Seit 2018 versorgt das Amt für Kinder, Jugend und Familie (ehemals Kreisjugendamt) beim Landratsamt Günzburg die Kommunen mit Daten für die Bedarfsplanung aus einer wissenschaftlich gestützten Berechnung, dem sogenannten „Hildesheimer Modell“. Hierbei werden anhand von Einwohnermeldedaten und den sich daraus ergebenden Wanderbewegungen der Bevölkerung Hochrechnungen für die in Zukunft benötigten Betreuungsplätze angestellt. Dabei werden auch Kriterien wie die Einwohnerzuwächse in den letzten Jahren, die Anzahl der darunter befindlichen männlichen und weiblichen Personen einer bestimmten Altersgruppe und das bereits bestehende Angebot an Betreuungsplätzen berücksichtig.

Inhalt der Bedarfsumfrage war auch die Thematik der Öffnungszeiten. Es wurde von verschiedenen Eltern der Wunsch nach längeren Öffnungszeiten in den Randzeiten, also morgens früher öffnen und abends später schließen (vor 07.00 Uhr morgens und nach 17.00 Uhr abends), geäußert. Die Anzahl dieser Rückmeldungen entspricht jedoch keiner Menge, die eine Ausweitung der Öffnungszeiten als wirtschaftlich erscheinen lässt. Daher werden die derzeit angebotenen Öffnungszeiten als bedarfsgerecht angesehen.

3. Bedarfsfeststellung

Die Bedarfsfeststellung ist die politisch wertende Entscheidung, inwieweit die festgestellten Wünsche und Bedürfnisse umgesetzt werden können.

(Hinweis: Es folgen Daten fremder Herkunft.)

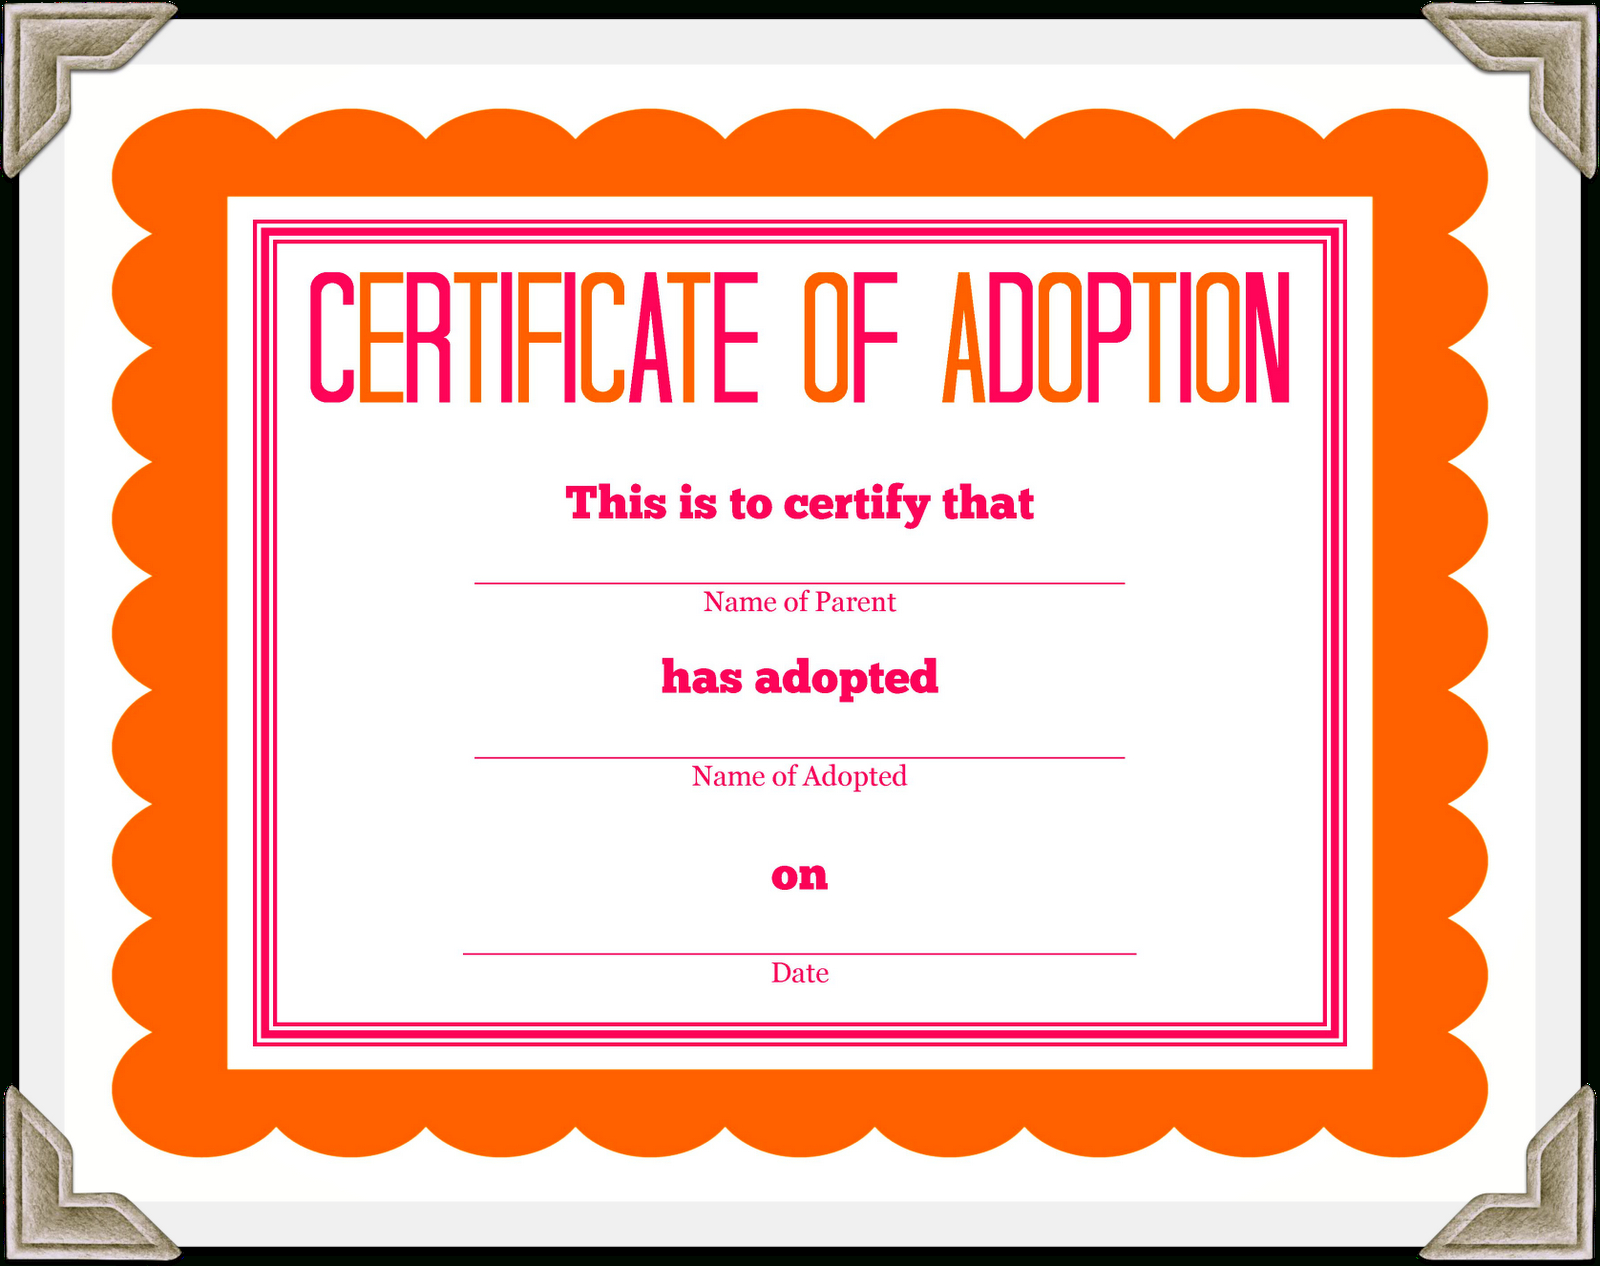 Stuffed Animal Adoption Certificate - Free Printable Stuffed Animal Adoption Certificate
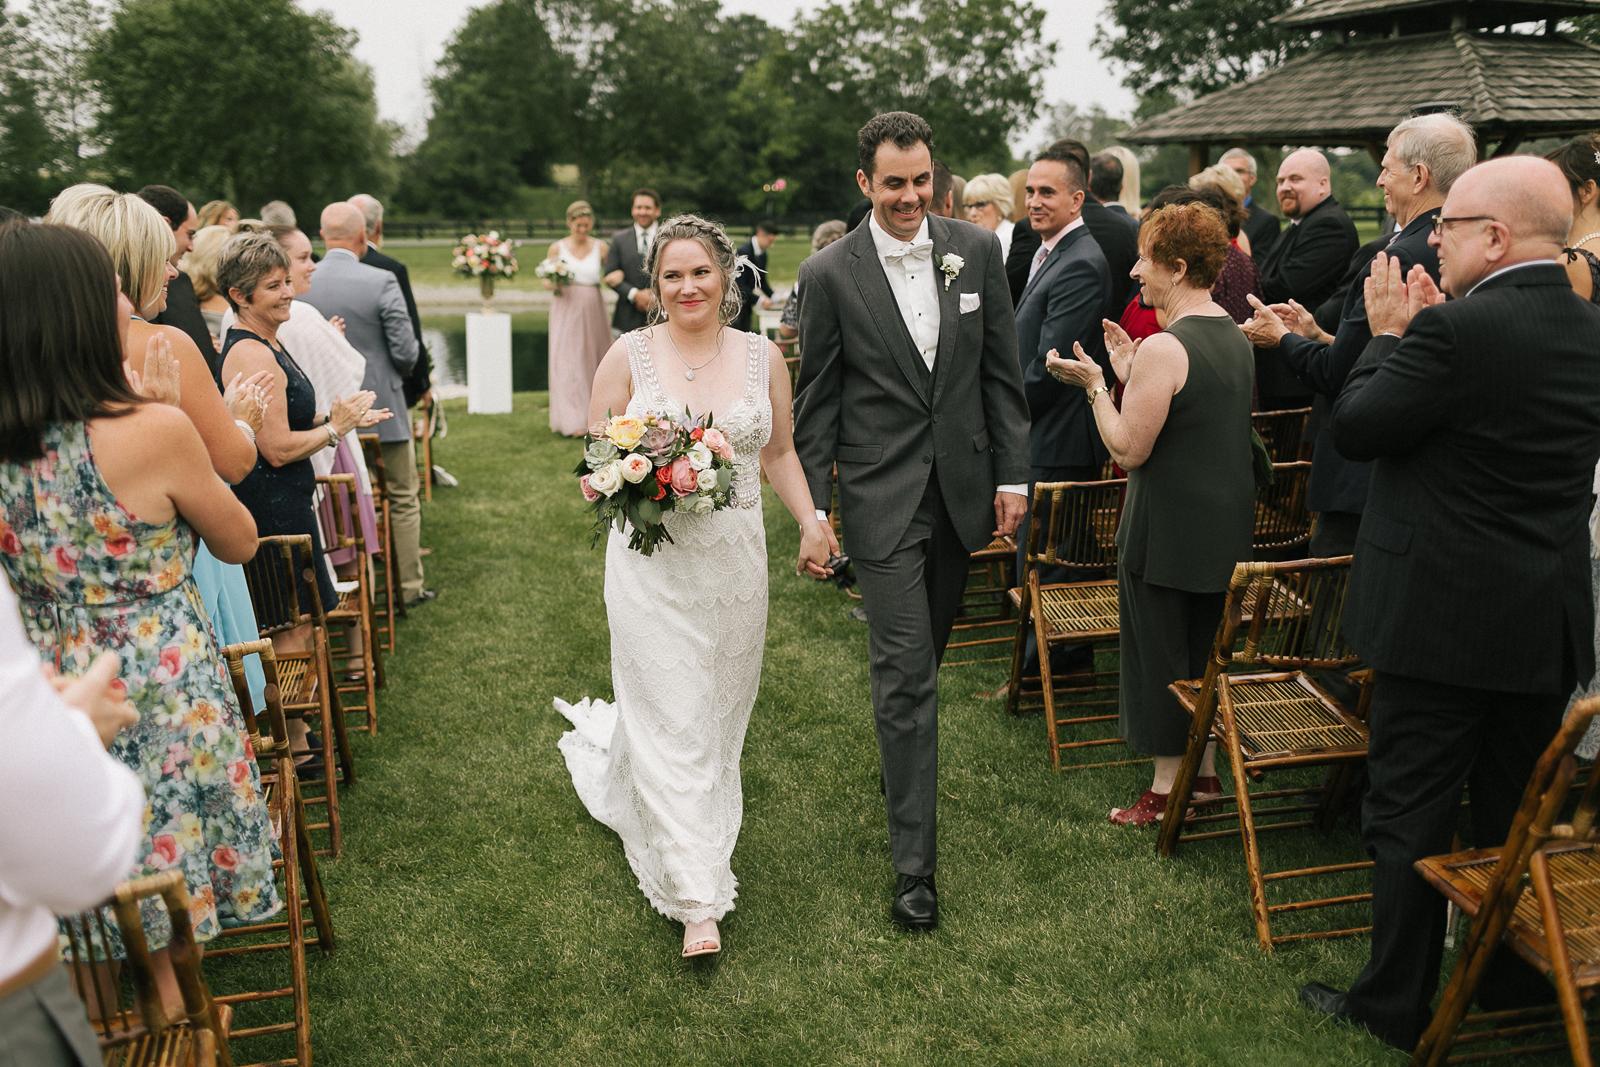 mike-and-jenni-wedding-284.jpg
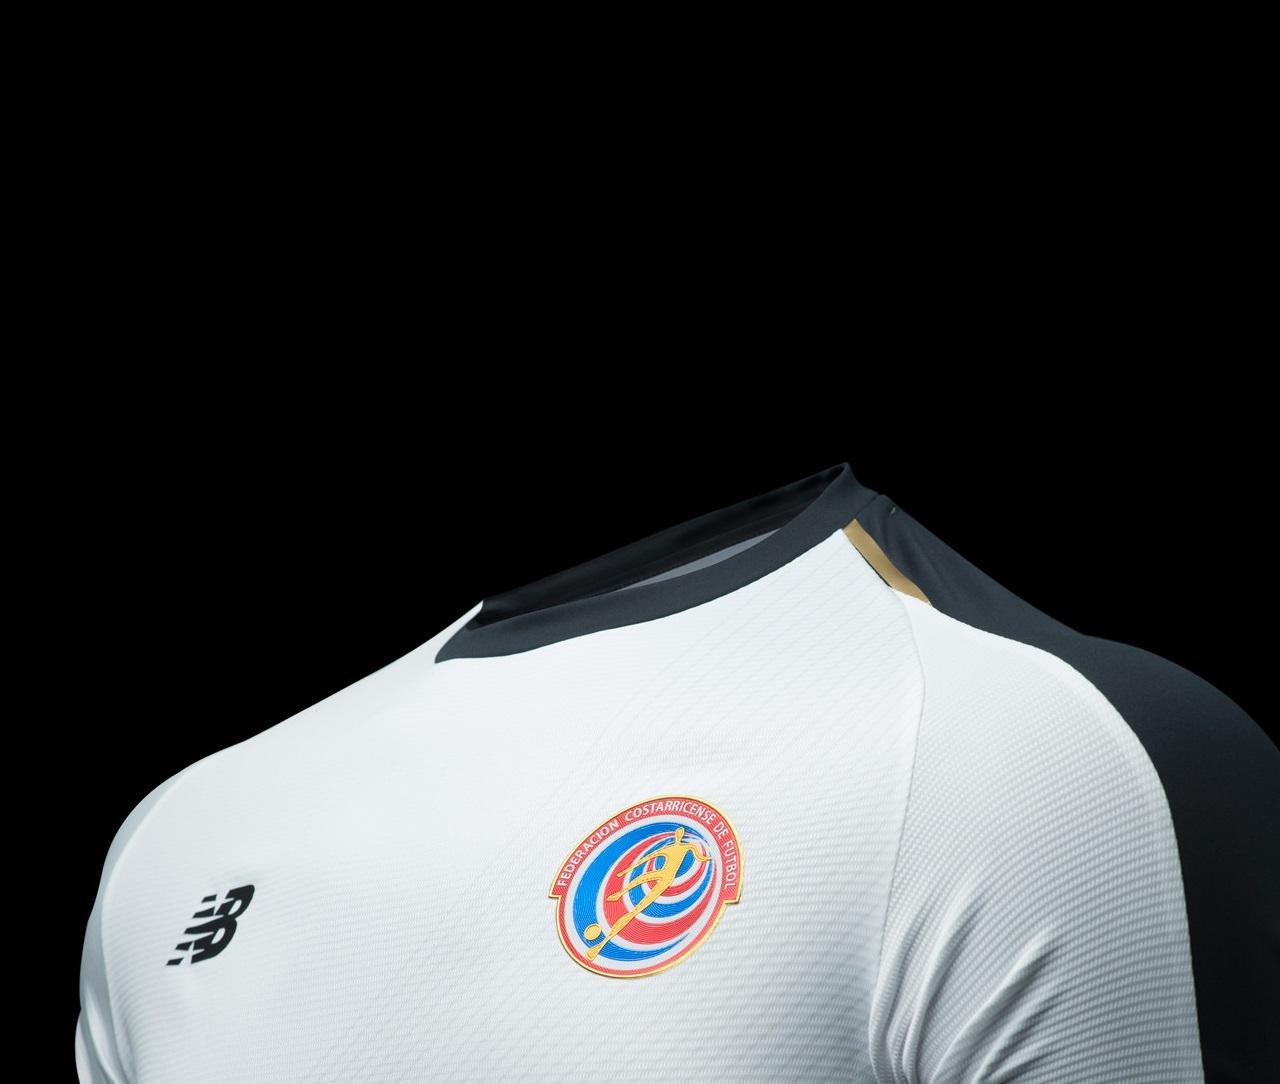 Costa Rica 2018 maillot football exterieur coupe du monde 2018

Da nicht alle Elternwünsche realisierbar sind, stellt der vom Gemeinderat festgestellte Bedarf nicht unbedingt ein genaues Spiegelbild der Bedürfnisse der Eltern dar.

Im Gemeindebereich Waldstetten mit Ortsteilen Heubelsburg und Brandfeld leben derzeit 40 Kinder der Geburtsjahrgänge 2013 bis 2016 und 23 Kinder der Geburtsjahrgänge 2017 bis 2019:
Geburtsjahr
Anzahl Kinder
2013
  7
2014
12
2015
11
2016
10
2017
  6
2018
  7
2019
10
gesamt
63

Nach dieser demographischen Entwicklung wird die Anzahl der unter 6-jährigen Kinder in den nächsten Jahren im Bereich der Marktgemeinde Waldstetten leicht rückläufig sein.

Auf ein verändertes Buchungsverhalten der Eltern muss mit einem entsprechenden Angebot der Gemeinde, zusammen mit dem Träger der KiTa, reagiert werden. Hier ist insbesondere die in unserer Gesellschaft verstärkt zu beobachtende Tendenz zur Krippenbetreuung zu beachten. Das derzeitige Angebot ist als knapp und kurzfristig ausreichend zu bezeichnen.

Künftiger Bedarf Krippenplätze (Kinder von 0-3 Jahren):

Als Ergebnis der Berechnung nach dem „Hildesheimer Modell“ kann festgehalten werden, dass das Betreuungsangebot zu Beginn des laufenden KiTa-Jahres bei den Kindern unter drei Jahren schon nicht mehr dem hochgerechneten Bedarf entspricht. Theoretisch werden bereits drei Krippenplätze zu wenig angeboten. Dies verschlechtert sich zum KiTa-Jahr 2020/21 nochmals auf 6 fehlende Krippenplätze. Bis zum KiTa-Jahr 2027/28 bleibt dieses Defizit von sechs Krippenplätzen konstant. Hierauf könnte mit der Schaffung einer zusätzlichen Krippengruppe mit 15 Plätzen reagiert werden.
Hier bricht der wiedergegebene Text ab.